Task directions: Pictures stay out, but every line of the data is copied exactly.
[Given information Boundary: Start]
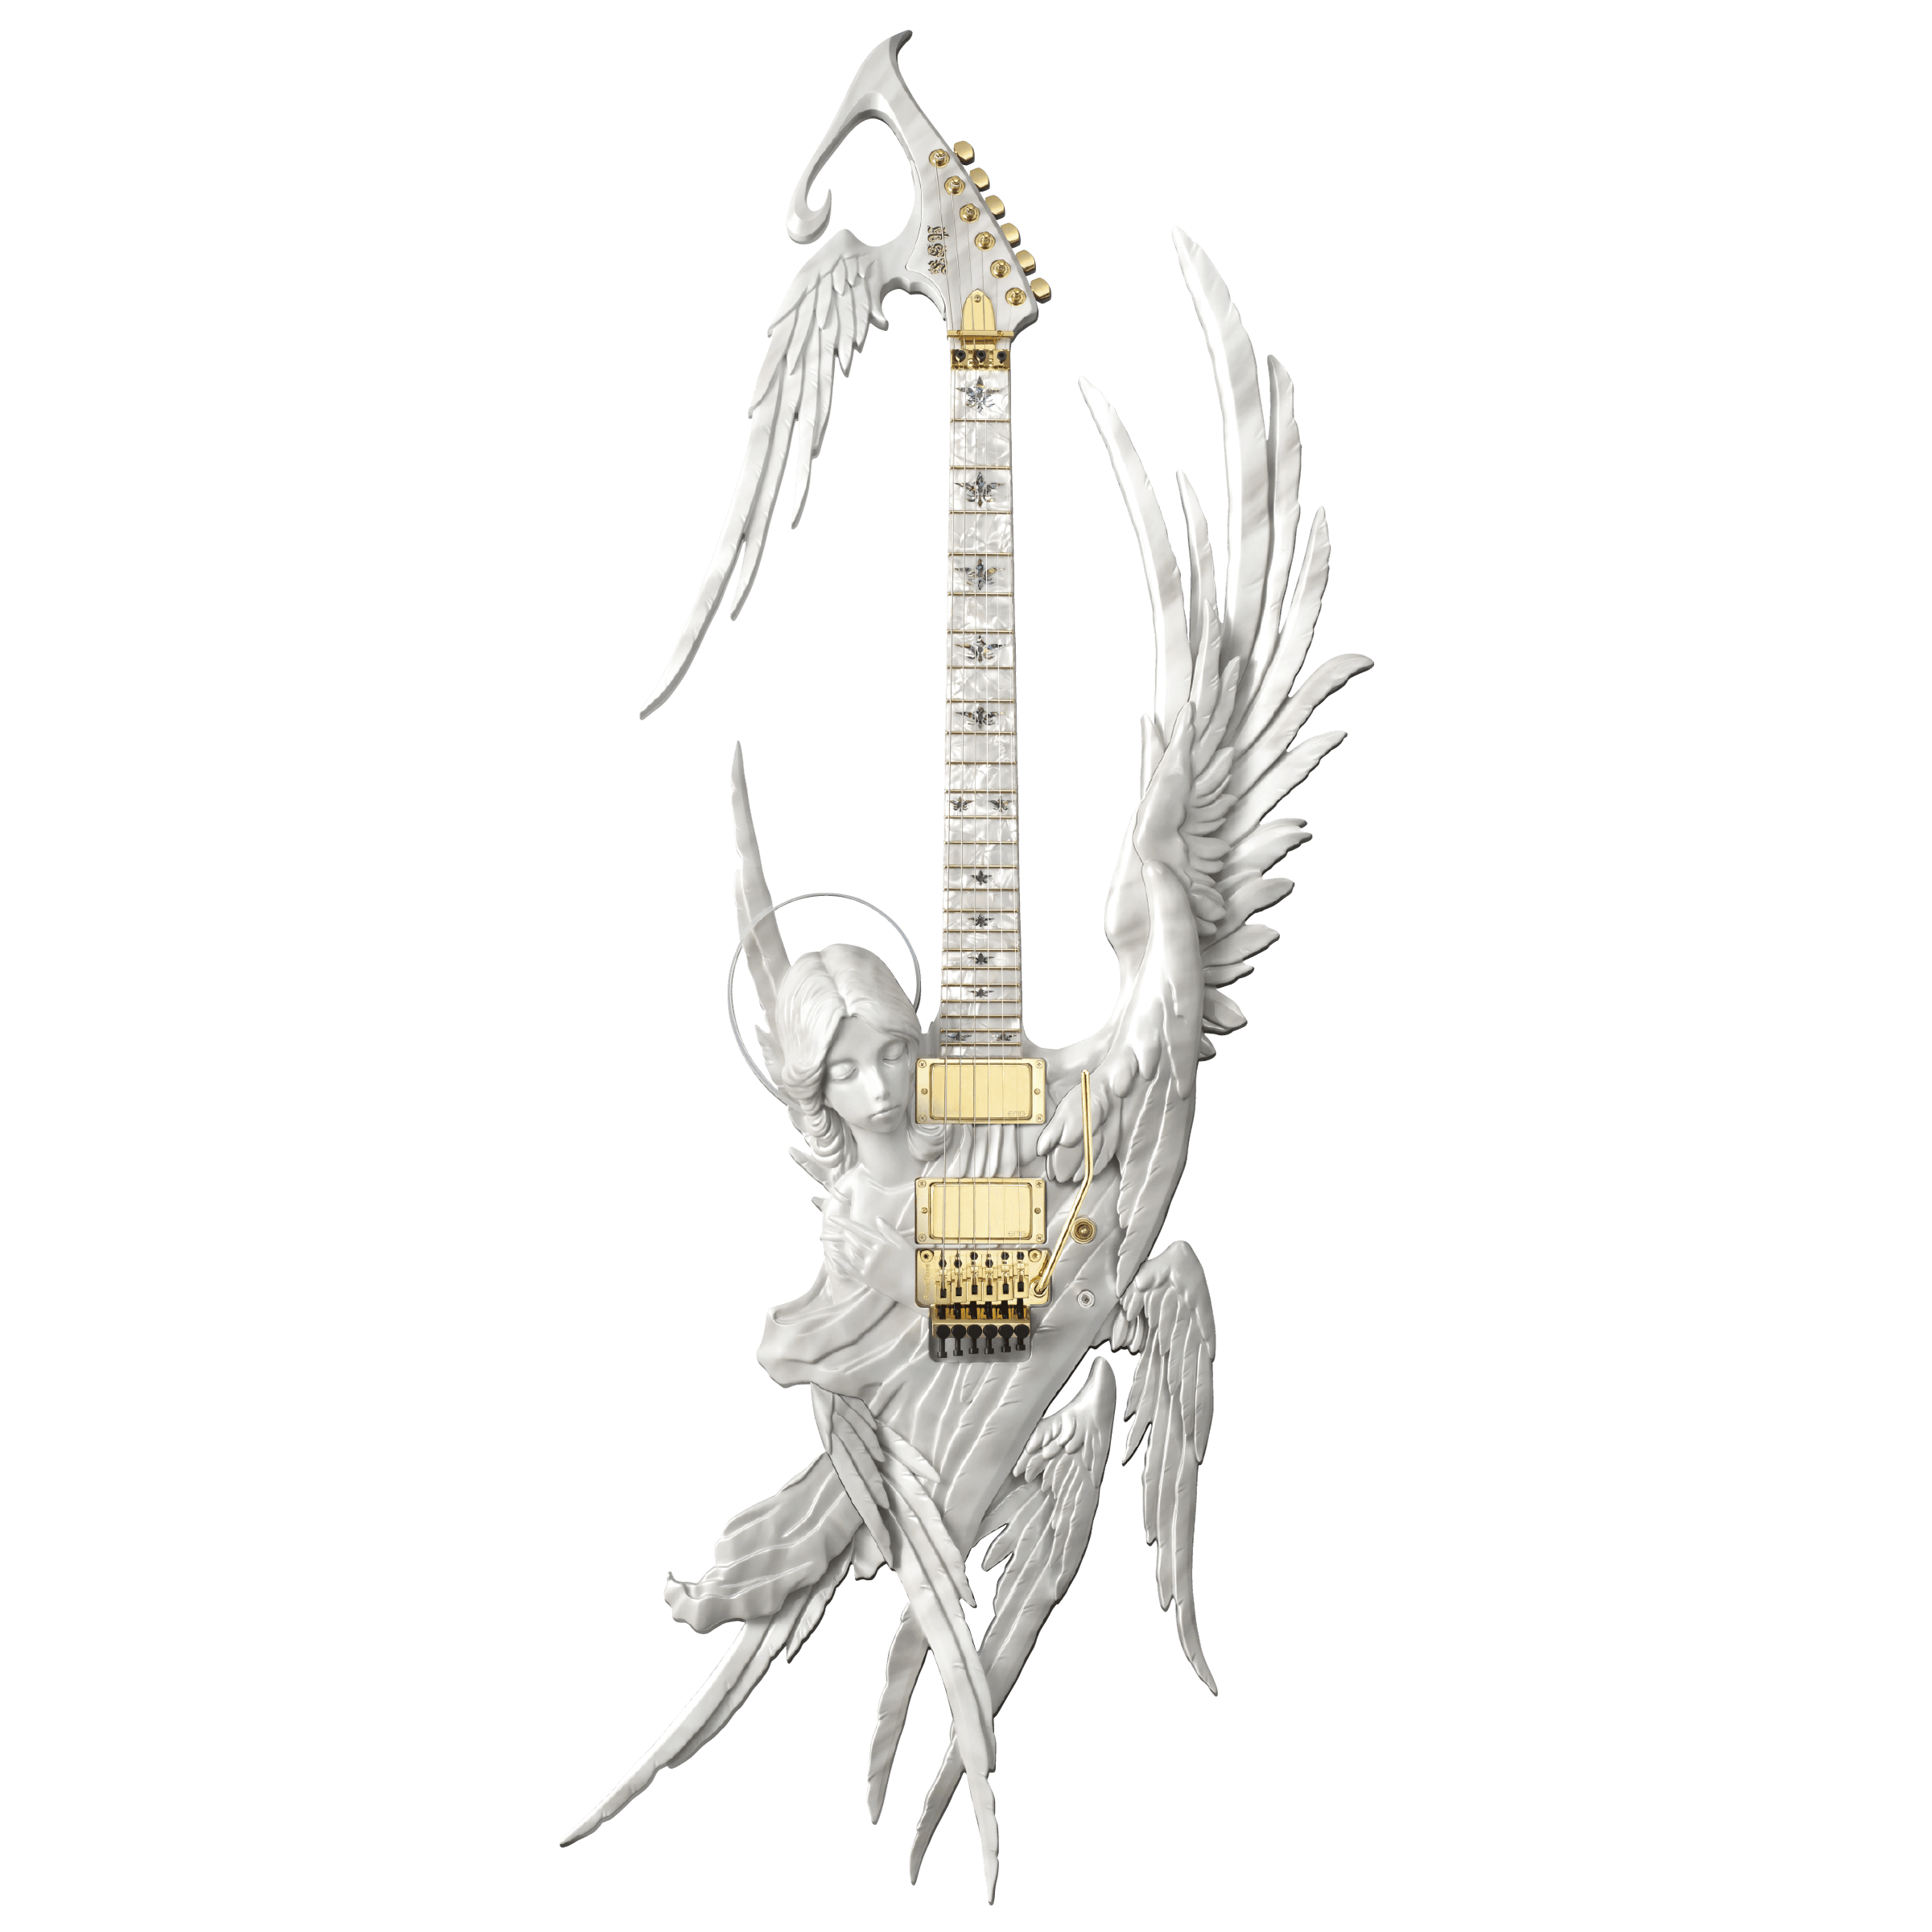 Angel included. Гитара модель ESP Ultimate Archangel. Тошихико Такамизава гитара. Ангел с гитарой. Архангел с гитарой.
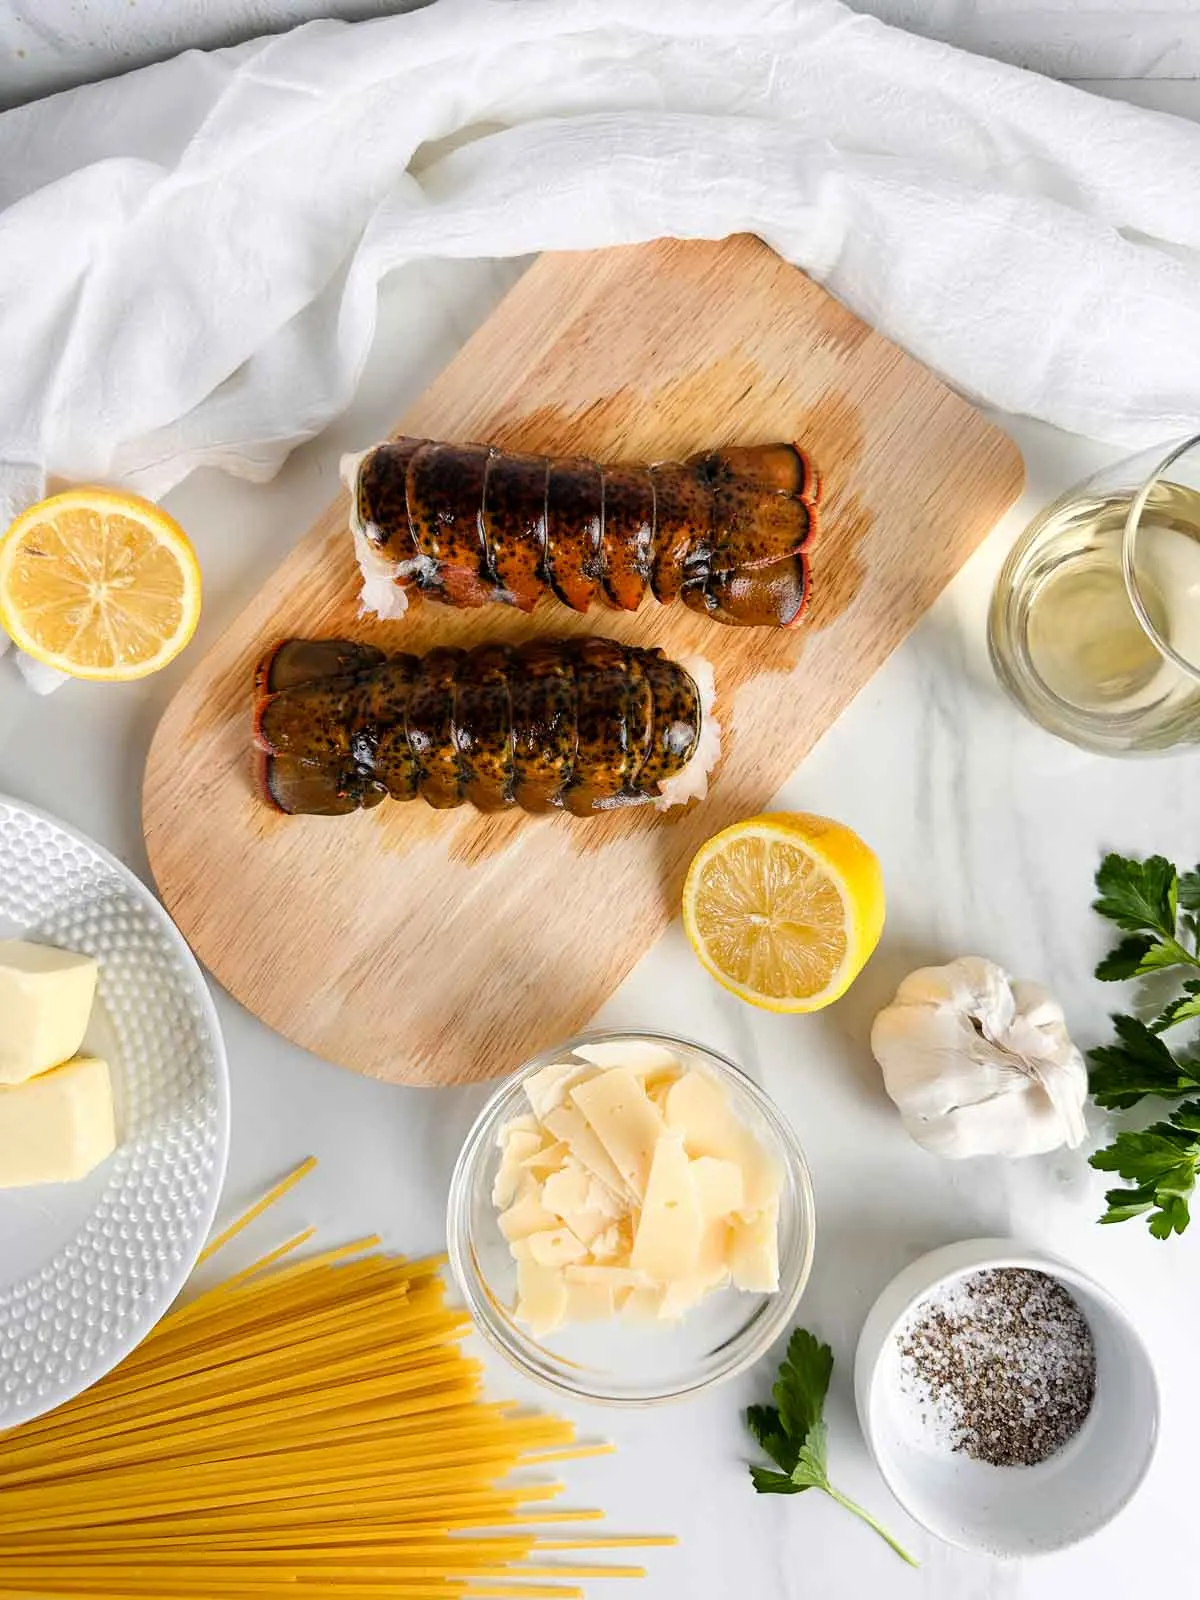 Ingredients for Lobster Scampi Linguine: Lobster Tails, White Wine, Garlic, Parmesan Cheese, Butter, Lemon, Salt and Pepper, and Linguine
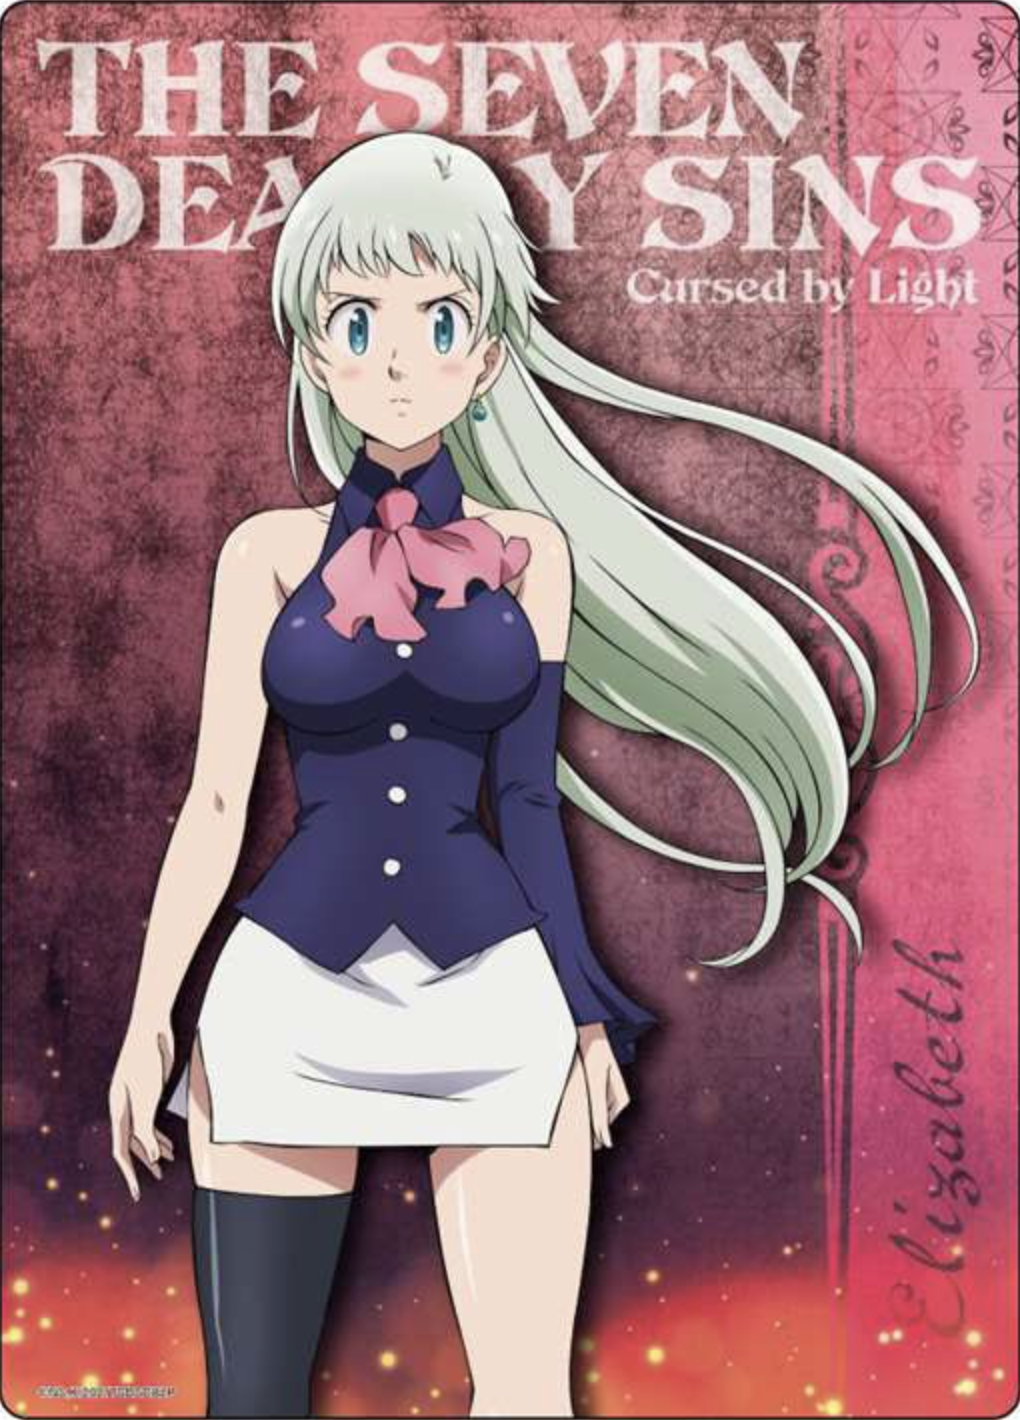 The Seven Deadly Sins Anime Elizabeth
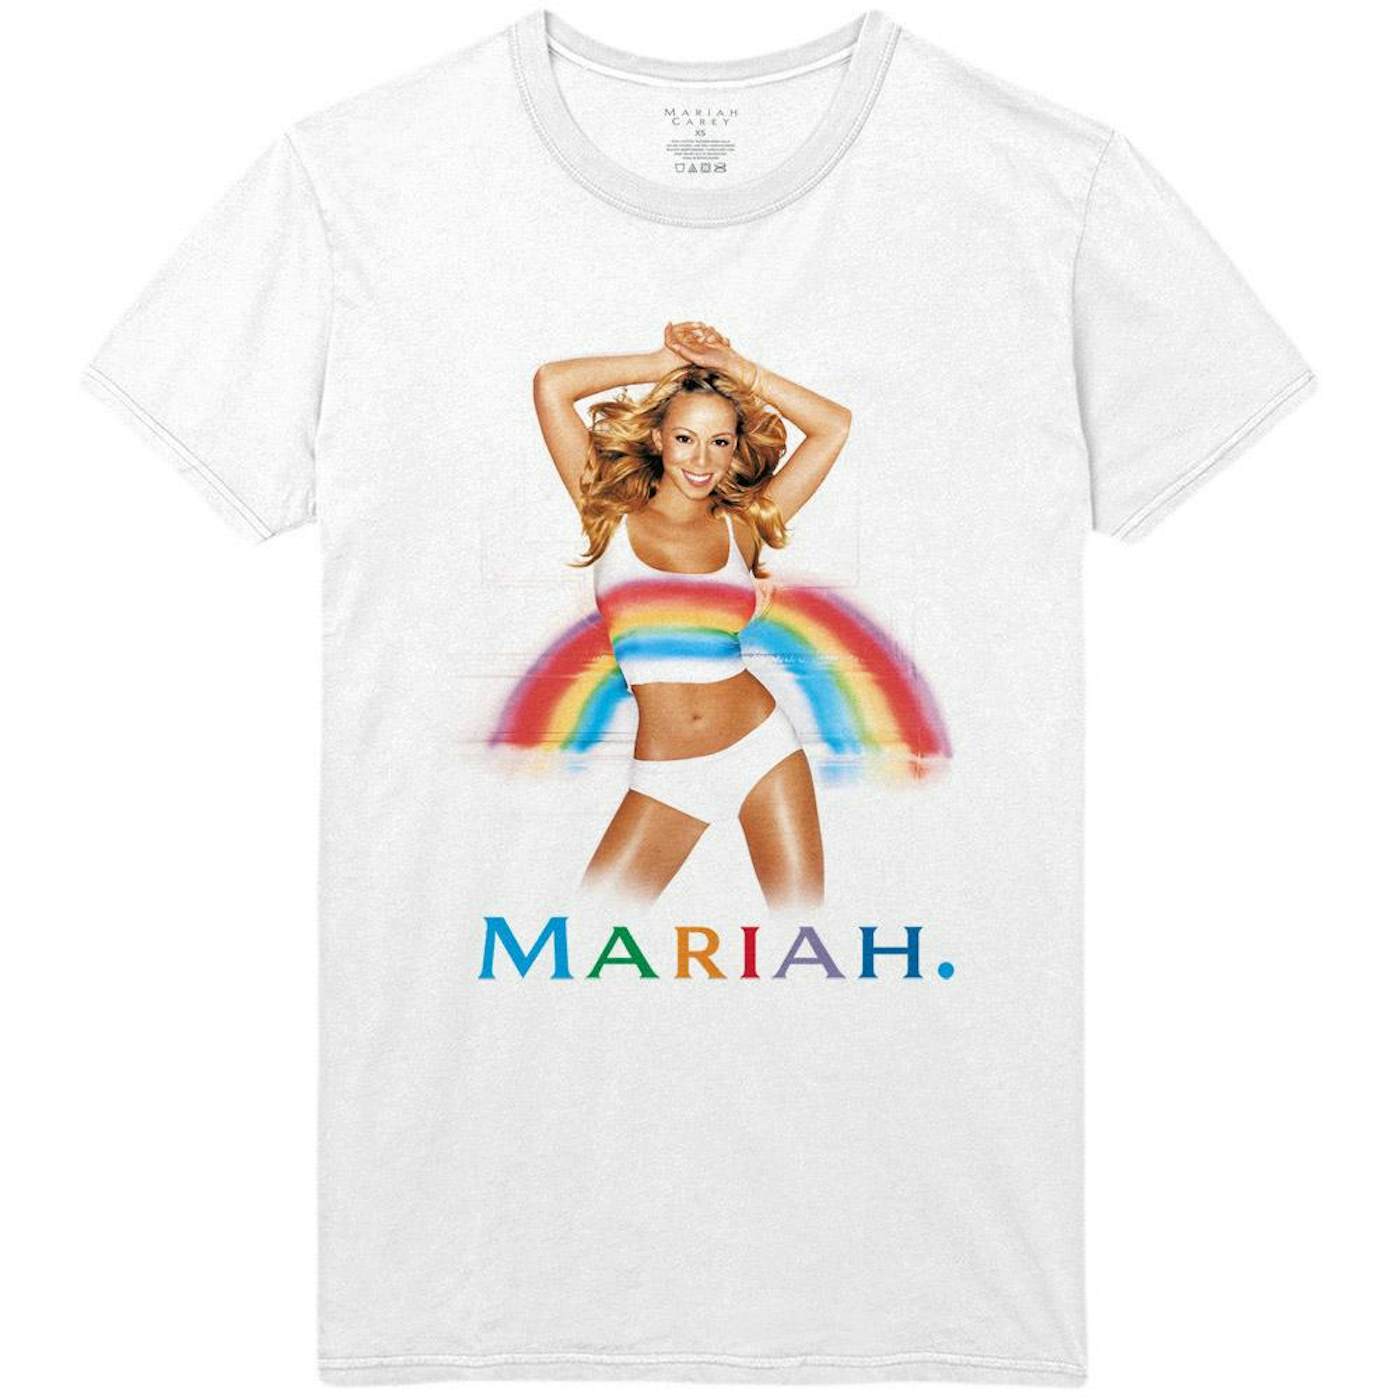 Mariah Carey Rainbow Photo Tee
[Given information Boundary: End]
Response to this exercise:
 Angel included. Гитара модель ESP Ultimate Archangel. Тошихико Такамизава гитара. Ангел с гитарой. Архангел с гитарой.
 Ingredients for Lobster Scampi Linguine: Lobster Tails, White Wine, Garlic, Parmesan Cheese, Butter, Lemon, Salt and Pepper, and Linguine
 The Seven Deadly Sins Anime Elizabeth
 Mariah Carey Rainbow Photo Tee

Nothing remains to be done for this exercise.